A fair exchange is not a robbery. But that depends on a person’s perspective on what’s fair. Take for example a close female friend of mine. She’s a sweetheart really, but she can get bossy when it comes to business. I’m all for that – things need to be right.
She came to me with an idea for a business brochure. I thought that was a great idea, especially considering her market and the services she offers. Where my friend lives, people are generally not very familiar with what she does. Because of that, it requires a lot of explaining. If she had a brochure she could save some time by just handing it off with a basic explanation depending on who she’s speaking with.
She found a designer who was willing to barter. He would design the brochure and she would provide her service to him for free. That’s a fair exchange. But that’s when the complications started. Poor guy, he wasn’t ready!
Designing in itself is not easy. It takes time and you also want to use the elements the client wants. My friend however kept coming up with more and more revisions. Color changes, font changes, the use of certain images, layout changes, etc. All of this is fine and perfectly acceptable – but this delayed the finished brochure by almost 2 months.
The final product is excellent; a job well done. The revisions seems to have paid off but was it worth delaying a much needed marketing piece? In my opinion, yes it was. I don’t think it should have taken 2 months, but things have to be right.
Let me give you a little piece of business Game.
When you have a business card, brochure or a post card as marketing materials, these become your sales people. They have the potential to sell your product or service 24/7 when you’re not around. These need to represent what you do, or have, very clearly. Poor images, color choices or a shoddy design directly reflect on you and/or your business. If they’re really bad, they will “un-sell” you and/or your business.
When I teach the mentality of business I always stress that everything you do needs to come from a very clear CENTER. Everything needs to be cohesive and make sense when it relates to your brand. If you’re not being clear, you’re being confusing. And let me give you some more business Game:
“A confused customer does not buy.”
This simple principle extends to every business. When you go to a fast food restaurant, they have number combos. When you go to the movies you’re usually a line to buy a ticket. Available movies and show times are made clear. The process has been stream-lined for you so that nothing is confusing. Too much confusion and some people would just walk away. It may sound simple, but this is the psychology behind many choices businesses make. And only the “big boys” can bend these “rules”.
If you’re just started out in your business, remember part of your responsibility is to make things CLEAR. Simplify them as much as possible. It may make sense to you, but it’s not you that matters – it’s your potential customers and clients that matter.
Let’s trackback to the first sentence of this post, “A fair exchange is not a robbery,” and this works on many levels.
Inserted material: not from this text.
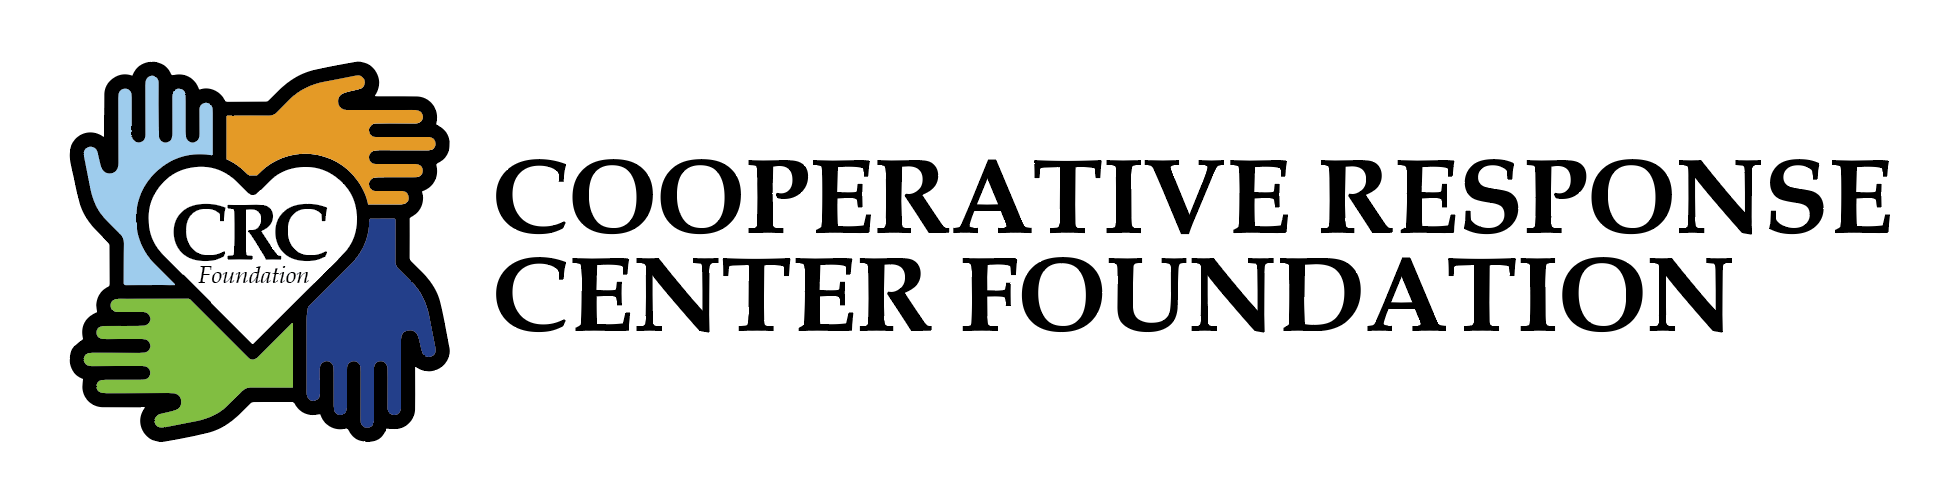 Cooperative Response Center Foundation

When you’re doing business there’s an exchange: Your goods and/or services for money (usually). Most people want good quality at a fair price. If the price is high and people don’t feel as though they got what they paid for, they feel “robbed”. This works on the other side of the coin as well. If someone buys a cheap product and it doesn’t last long, they still feel “robbed”. Even though they know the old saying, “You get what you pay for.”
A challenge that every entrepreneur faces is balancing PERCEIVED VALUE of their product or service with what someone is actually willing to pay. Too high, less potential sales – but you have to sell less to make a profit. Too low and potential customers may view your offering as cheap or low-quality – which means you have to sell more to make a profit. But you may be fighting an uphill battle because of its lesser PERCEIVED VALUE.
So, what do you do? You research.
You have to research your market, your potential customers, what your competition is already doing, what technology is coming in that may change quality for better or worse; and even perceived value for better or worse. Sometimes it’s best just to get something out there just to test the reaction. There’s a lot of analytics and some entrepreneurs find this boring and tedious. Personally, I’m one of them. But this is necessary work. If you treat your business like a hobby, you earn hobby money. Period, simple.
To my entrepreneurs: Is that thing on? Is your mind, one of your most important tools, on? Or is it off? Do you keep yourself in the right head-space? Is going through 2 months of revisions for 1 piece of marketing material something you’re willing to do? Do you understand its long-term importance and the wide reaching effects? Word of mouth spreads like wild-fire. Don’t set yourself up to burn down your own forest.
Remember everything you do must communicate clearly and simply. Think of that like a Hustler’s anthem.